[Working data Boundary: Start]

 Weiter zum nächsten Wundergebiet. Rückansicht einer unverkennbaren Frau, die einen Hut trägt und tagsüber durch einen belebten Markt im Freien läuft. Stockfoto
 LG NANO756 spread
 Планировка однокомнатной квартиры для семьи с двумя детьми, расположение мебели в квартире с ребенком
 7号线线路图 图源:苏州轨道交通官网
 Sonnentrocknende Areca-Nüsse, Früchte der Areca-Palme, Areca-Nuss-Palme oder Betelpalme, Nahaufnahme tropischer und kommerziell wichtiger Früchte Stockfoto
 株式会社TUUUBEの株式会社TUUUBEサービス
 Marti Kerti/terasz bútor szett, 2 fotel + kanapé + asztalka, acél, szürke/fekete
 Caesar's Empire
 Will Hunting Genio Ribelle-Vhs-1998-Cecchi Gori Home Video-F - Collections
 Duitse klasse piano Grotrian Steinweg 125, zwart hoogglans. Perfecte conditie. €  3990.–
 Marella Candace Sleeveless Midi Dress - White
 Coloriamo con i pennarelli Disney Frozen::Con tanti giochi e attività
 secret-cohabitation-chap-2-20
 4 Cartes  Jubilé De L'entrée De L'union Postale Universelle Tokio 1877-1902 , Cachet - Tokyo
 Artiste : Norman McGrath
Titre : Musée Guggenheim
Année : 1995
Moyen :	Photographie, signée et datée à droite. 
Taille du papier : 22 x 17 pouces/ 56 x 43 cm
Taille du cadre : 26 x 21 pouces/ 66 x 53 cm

[Working data Boundary: End]

▸ **Exercise goal**:
Begin at the top of the listing above and set down each line exactly. Stop after the line that contains "株式会社TUUUBEの株式会社TUUUBEサービス".

▸ **Answer space**:
 Weiter zum nächsten Wundergebiet. Rückansicht einer unverkennbaren Frau, die einen Hut trägt und tagsüber durch einen belebten Markt im Freien läuft. Stockfoto
 LG NANO756 spread
 Планировка однокомнатной квартиры для семьи с двумя детьми, расположение мебели в квартире с ребенком
 7号线线路图 图源:苏州轨道交通官网
 Sonnentrocknende Areca-Nüsse, Früchte der Areca-Palme, Areca-Nuss-Palme oder Betelpalme, Nahaufnahme tropischer und kommerziell wichtiger Früchte Stockfoto
 株式会社TUUUBEの株式会社TUUUBEサービス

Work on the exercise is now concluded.